• Raw data:
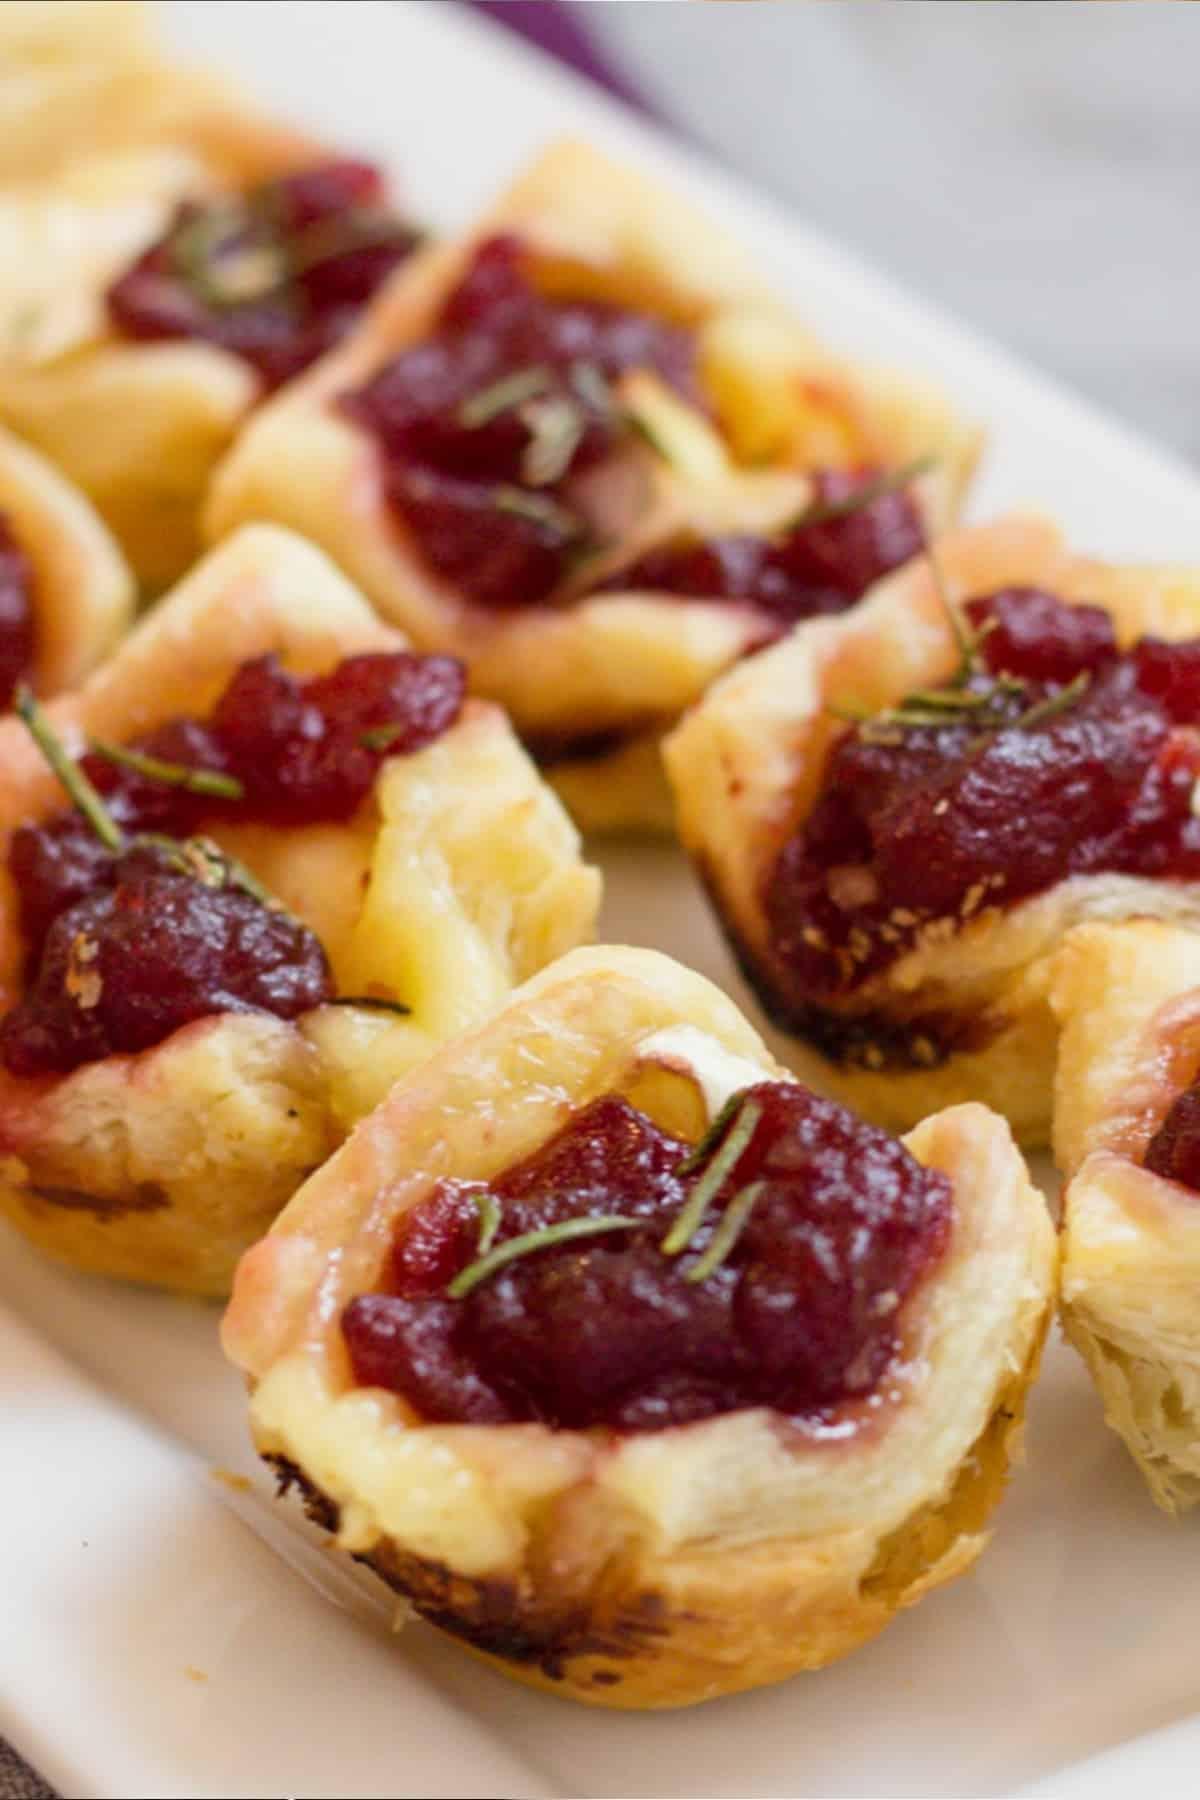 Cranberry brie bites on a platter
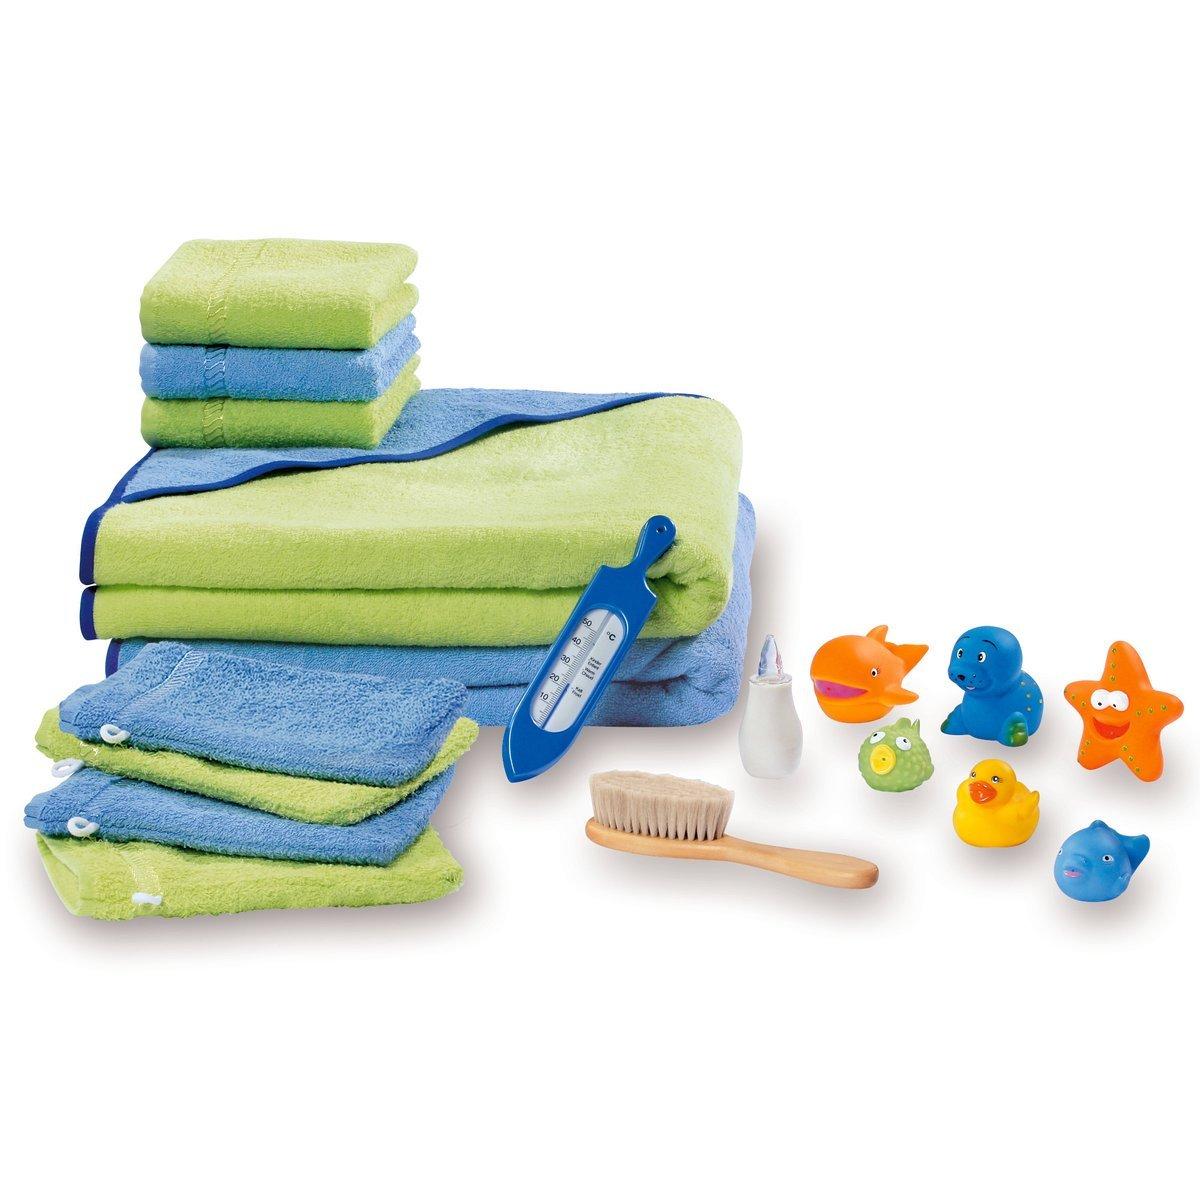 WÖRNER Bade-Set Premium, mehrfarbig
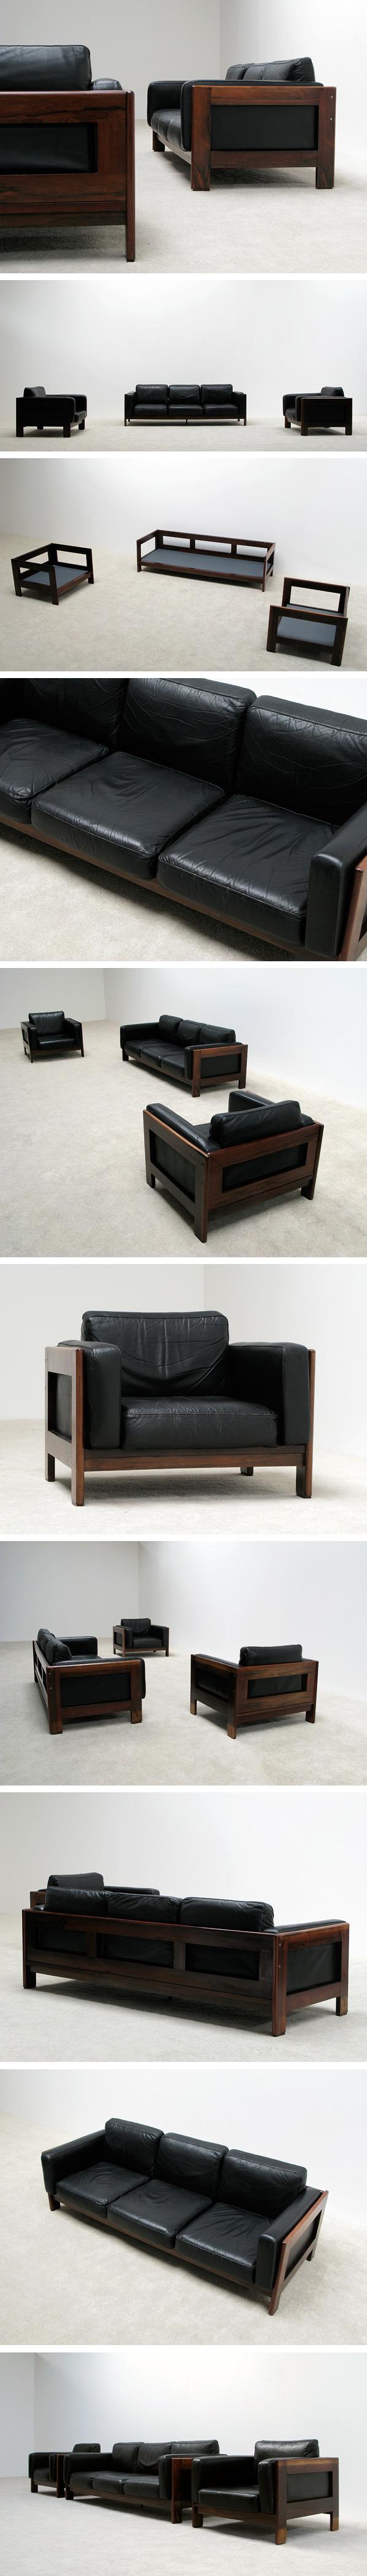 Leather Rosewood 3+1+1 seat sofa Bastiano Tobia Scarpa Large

• Exercise details:
The material above must be printed exactly, with its pictures left out.

• Answer space:
 Cranberry brie bites on a platter
 WÖRNER Bade-Set Premium, mehrfarbig
 Leather Rosewood 3+1+1 seat sofa Bastiano Tobia Scarpa Large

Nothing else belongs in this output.